Phyrebrat, I just ramble a lot :p

The speed is due to both Sir Edric usually being faster than everything else I write, and me just wanting to finish it quickly.

And, yes, it is rather different to Forget Me Not. Like an octopus of writing, I cunningly change my form to fit the genre :D

I do sometimes overdo the dialogue tags, it's true. Sir Edric's unorthodox approach to the impartiality of a court is entirely intentional. And Corkwell is very well-established (well, she has a role in The Adventures of Sir Edric, and a significantly larger presence in the as-yet-unpublished Sir Edric's Kingdom).

Cock-fighting was the most popular sport in England until a couple of centuries ago.
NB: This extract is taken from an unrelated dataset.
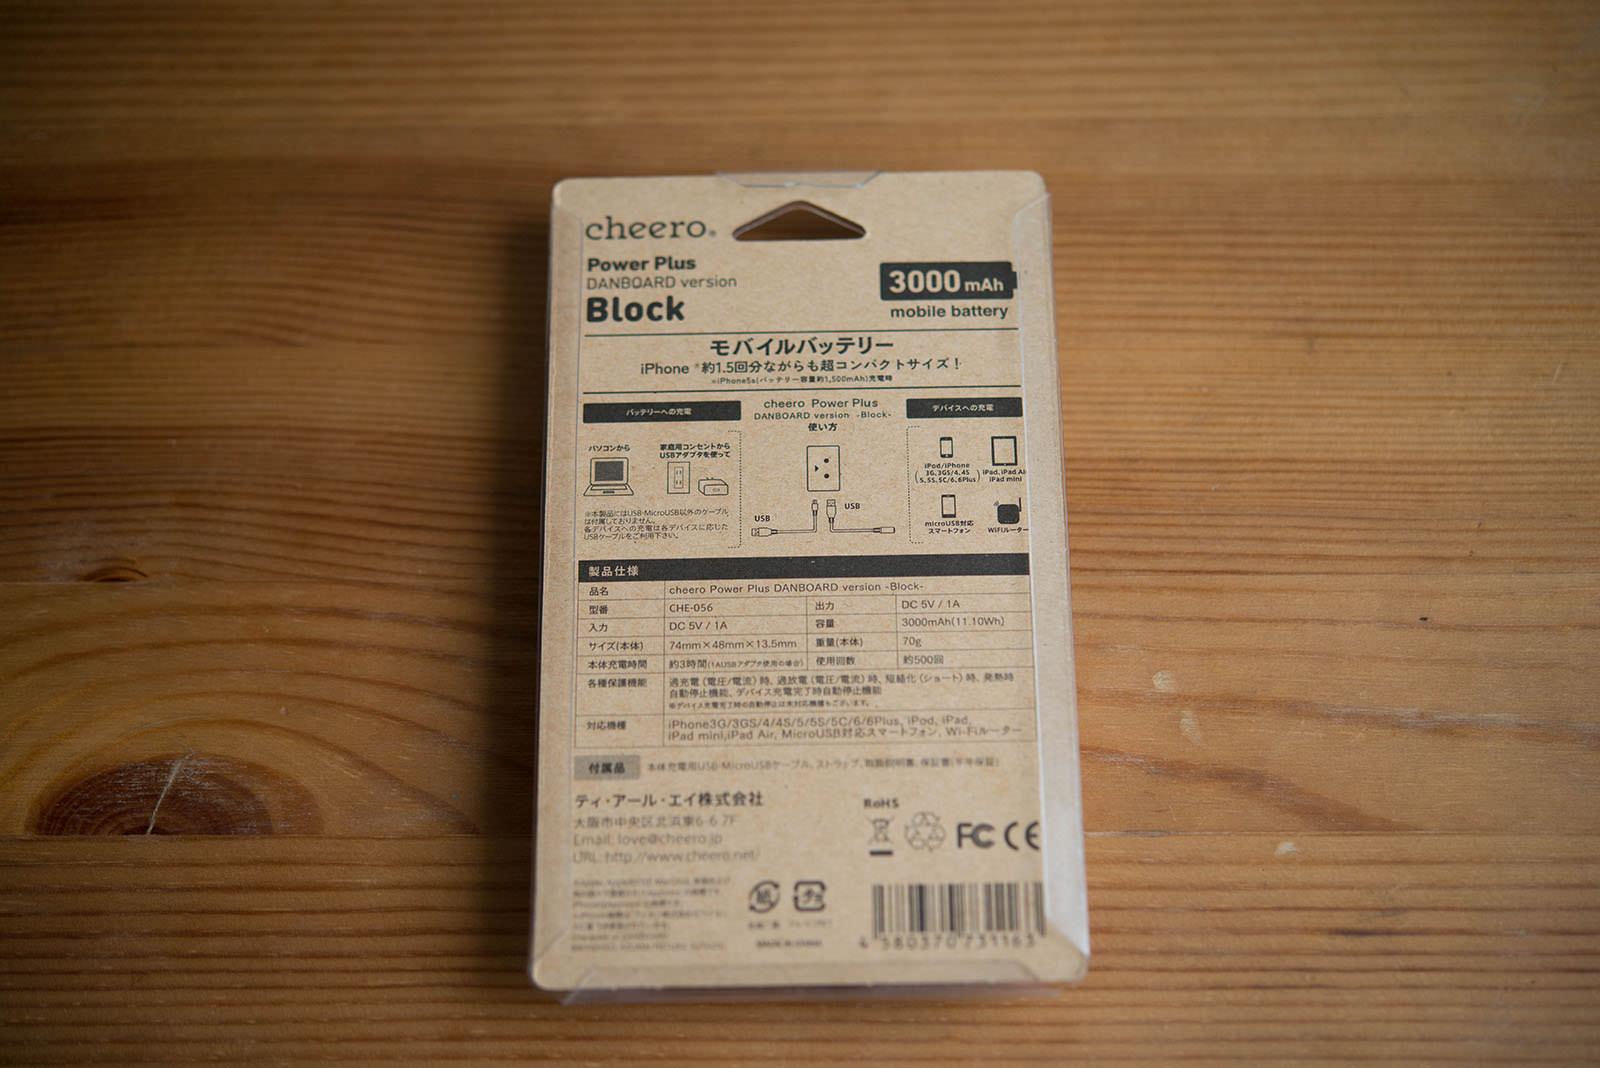 cheero Power Plus DANBOARD version block review_02

Even villages would have their own cockpits. I use it a bit in my 'serious' writing, which obviously means double entendres, intended or not, can happen quite a bit.

Thanks, everyone, for the helpful comments. I will put it up on my website's free stories section: Free Stories once I've finished the chapter I'm writing currently, and make the various changes.
 
Everyone has beat me to the punch. Very funny. Congrats on the 5,000, Thad.
 
Thanks, Droflet.

Although I can't help notice how suspiciously defensive the description underneath your name is...
 
Droflet: "I don't teach chickens how to dance."

You can't hide your deviant dancing chicken ways protesting so much.
 
Huh? Well, I DON'T teach chickens how to dance. Although I must mention that when I went looking for my avatar I simply typed chicken images into google. My lord, there are some sickos out there.